RBI: Bank NPA ratio at 6-year low, but fintechs expose system to new risks
July 1, 2022

In News:

  • Recently, the Reserve Bank of India (RBI) released its biannual Financial Stability Report.
  • As per the report, asset quality of the banking system has improved.
    • Gross Non-Performing Assets (GNPA) ratio declined from 7.4 per cent in March 2021 to a six-year low of 5.9 per cent in March 2022.

What’s in today’s Article:

  • About FSR (Purpose, Components, Significance, etc.)
  • Key takeaways from latest FSR

Financial Stability Report:

  • Financial Stability Report is released by the RBI twice a year.
  • The report details the state of financial stability in the country.
  • As part of the FSR, the RBI also conducts a Systemic Risk Survey (SRS), wherein it assess the financial system on five different types of risks:
    • Global; Financial; Macroeconomic; Institutional; General.

Significance of FSR:

  • Reading the FSR tells us how robust or vulnerable our financial system — especially our banking system — is to the changes in the economy.
  • As a corollary, it also tells us whether and to what extent will our banks and other lending institutions (such as Non-Banking Finance Companies and Housing Finances Companies) be able to support future growth.
  • For instance, if the FSR reveals that the percentage of NPAs or bad loans in the banking system is high and also shows that the government fiscal deficit is also high.
  • Then it means that not only will the banks struggle to function effectively (and fund future growth) but also that if banks were to falter then the government may find it tough to bail them out.

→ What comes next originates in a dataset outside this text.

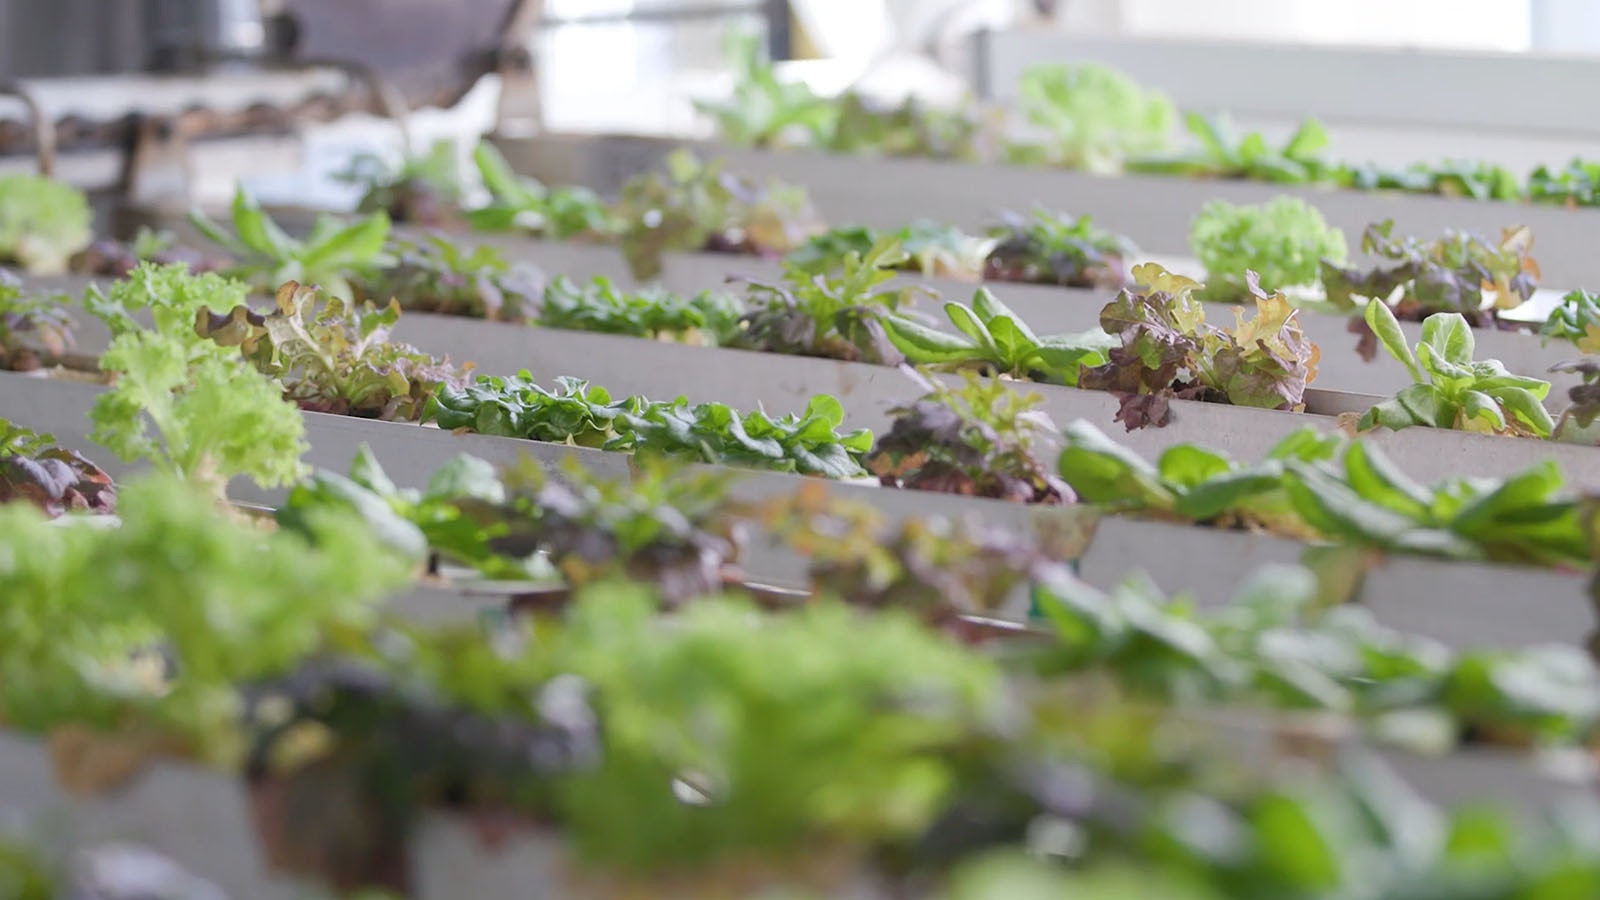 Vertical Harvest produces a wide variety of greens at its Jackson, Wyoming, facility.
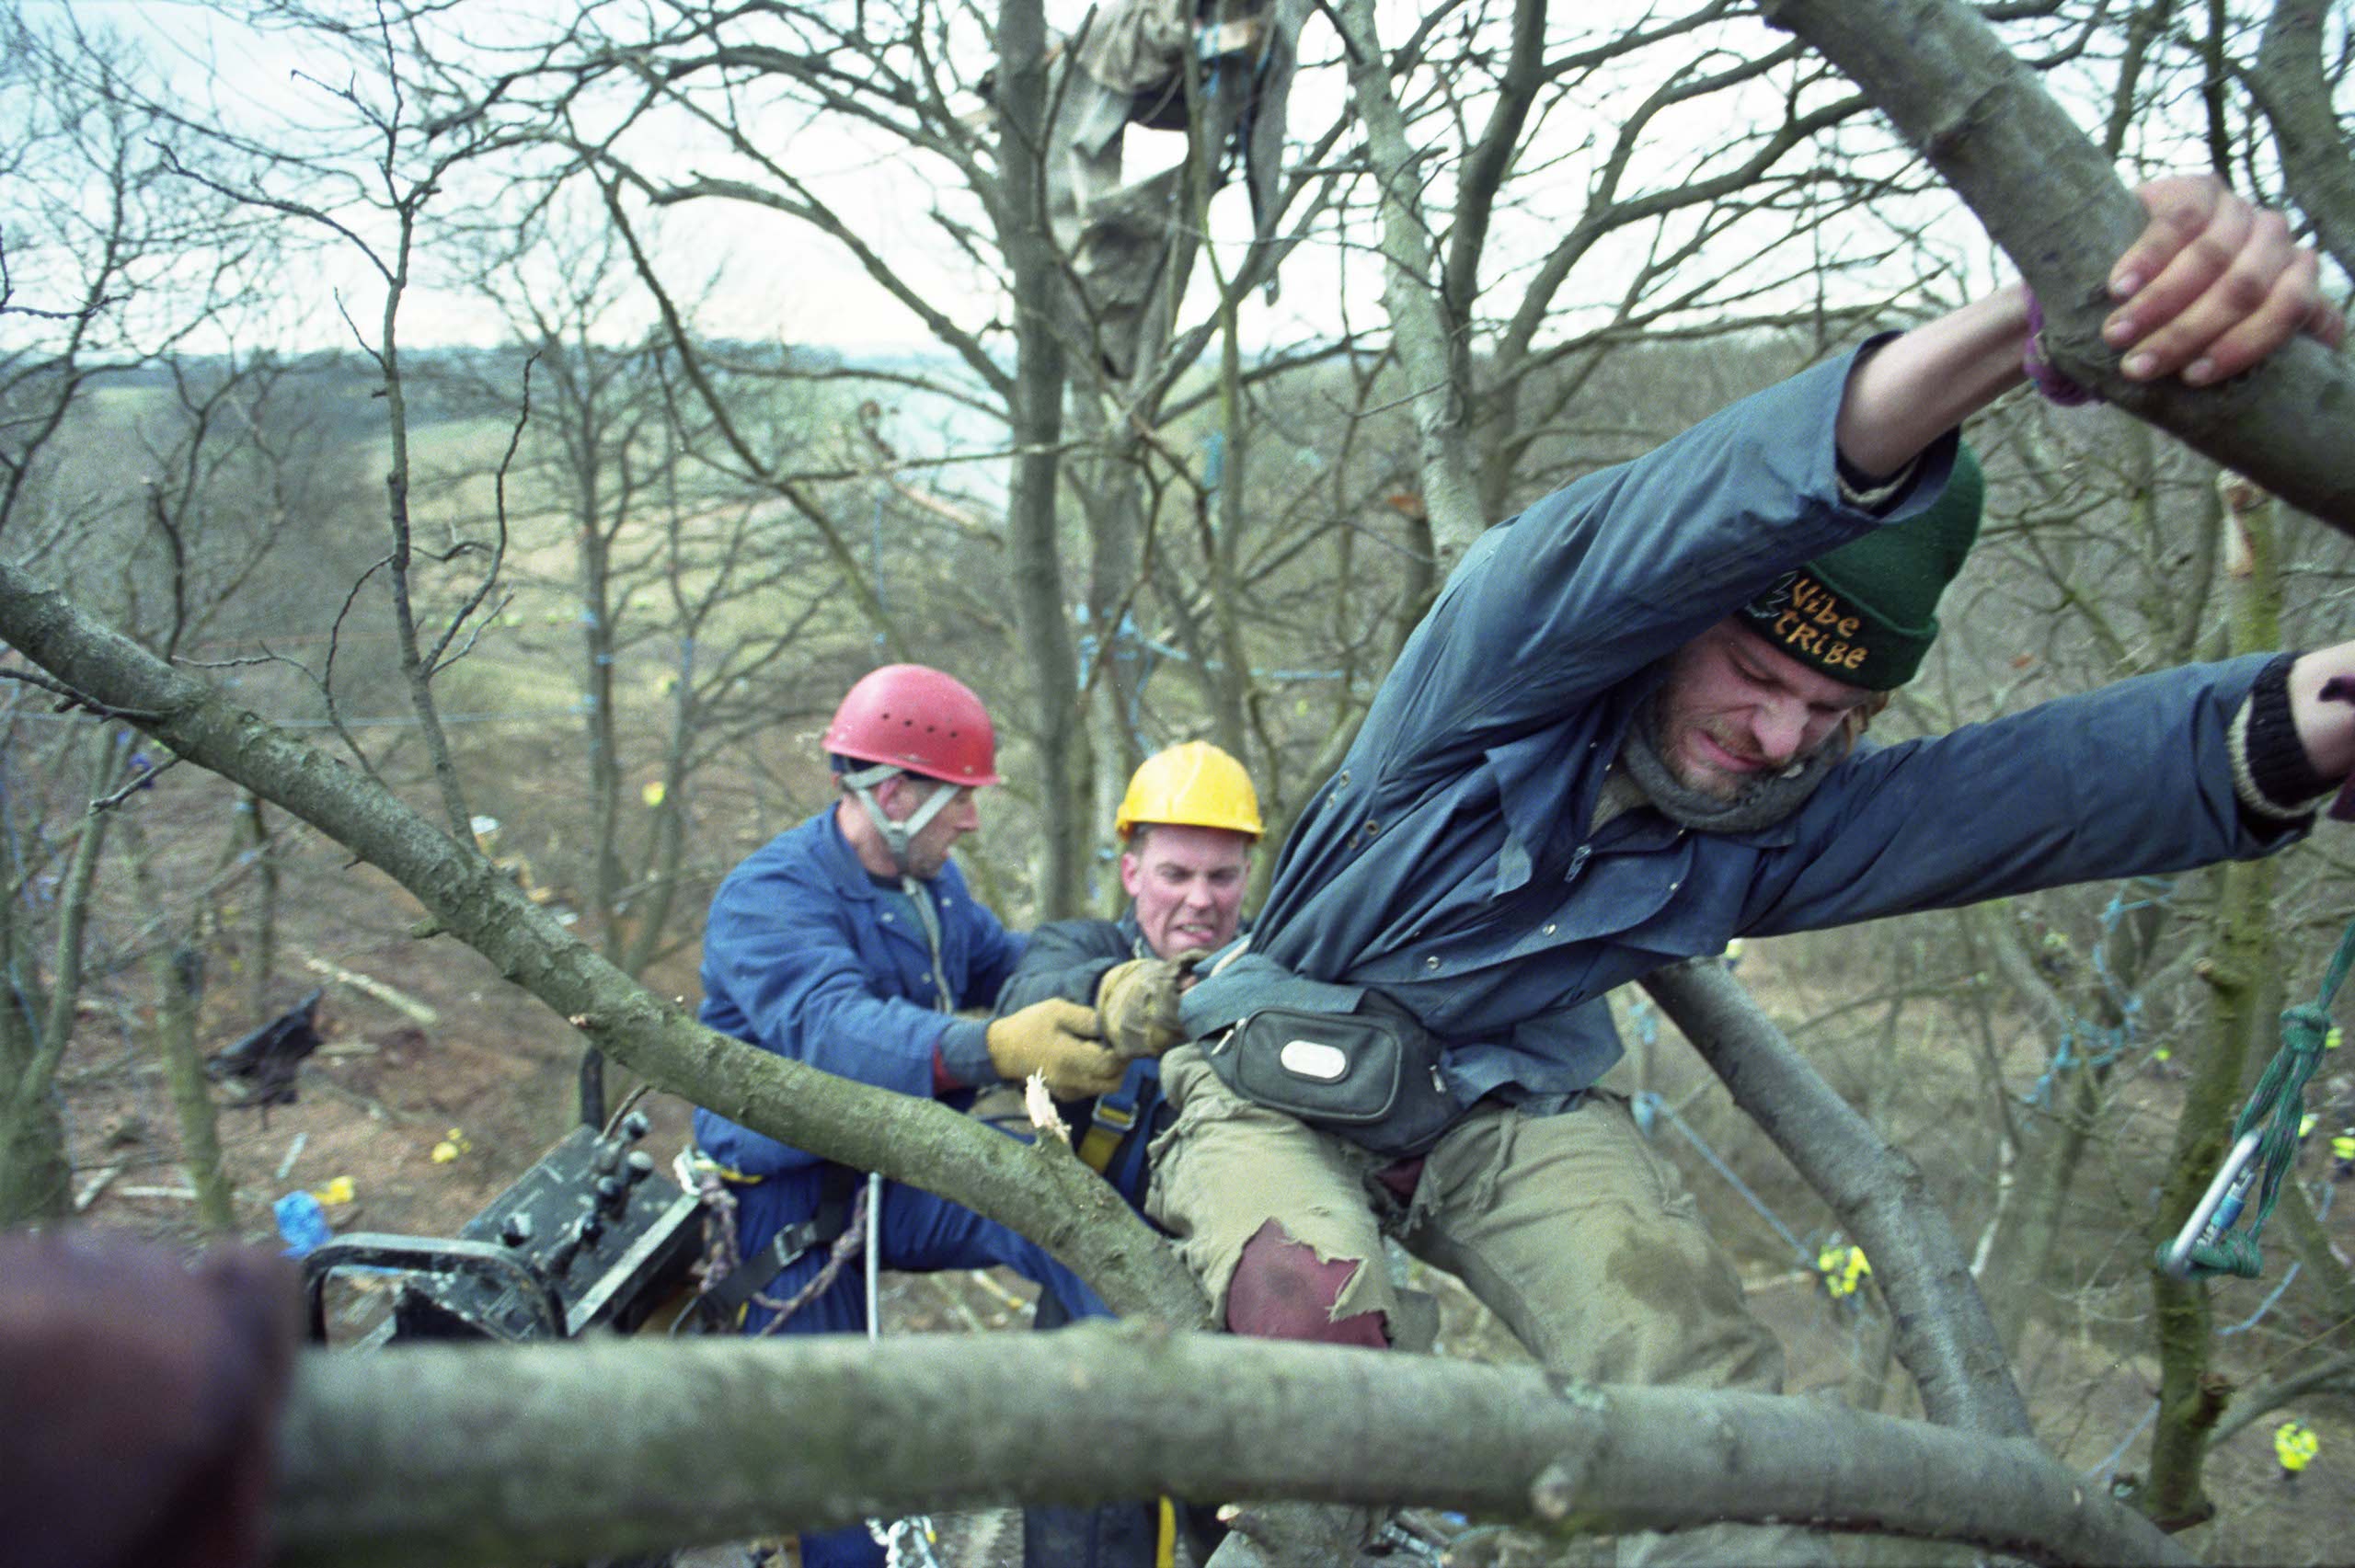 Two men in hard hats pull at a man resisting by holding onto a tree branch

Key takeaways from the latest FSR:

  • Indian economy:
    • The Indian economy remains on the path of recovery, though inflationary pressures, external spill overs and geopolitical risks warrant careful handling and close monitoring.
    • The external sector is well-buffered to withstand the ongoing terms of trade shocks and portfolio outflows.
  • Asset quality of Banks:
    • Asset quality of banks improved steadily throughout the year, with gross NPA ratio declining to a six-year low of 5.9% in March 2022 from 7.4% in 2021.
      • NPA is a loan or advance for which the principal or interest payment remained overdue for a period of 90 days.
    • The banking stability indicators showed improvement in soundness, efficiency and market risk dimensions in the second half of FY22.
  • Stock market:
    • The number of demat accounts of individuals increased 3.4 times on CDSL and 1.5 times on NSDL since January 2020.
      • 'CDSL' is short for 'Central Depository Securities Limited' while 'NSDL' is short for 'National Securities Depository Limited’.
      • Both CDSL and NSDL are depositories registered by the Indian government to hold multiple forms of securities like stocks, bonds, ETFs, and more as electronic copies.
    • However, the report suggested that the developments in 2022 have unsettled the market sentiment and increased risk aversion.
  • Fintech industry:
    • The Indian fintech industry — which is amongst the fastest growing Fintech markets in the world — was valued at $50-60 billion in 2020 and is projected to reach $150 billion by 2025.
    • Cautioning about the financial technology (fintech) industry, the FSR said the advent of fintechs has exposed the banking system to new risks.
    • These risks extend beyond prudential issues and often intersect with other public policy objectives relating to safeguarding of data privacy, consumer protection, etc.
  • Cryptocurrencies:
    • While technology has supported the reach of the financial sector and its benefits must be fully harnessed, its potential to disrupt financial stability has to be guarded against.
    • The report has flagged cryptocurrencies as a clear danger among the emerging risks on the horizon.
    • The report highlights that anything that derives value based on make believe, without any underlying, is just speculation under a sophisticated name.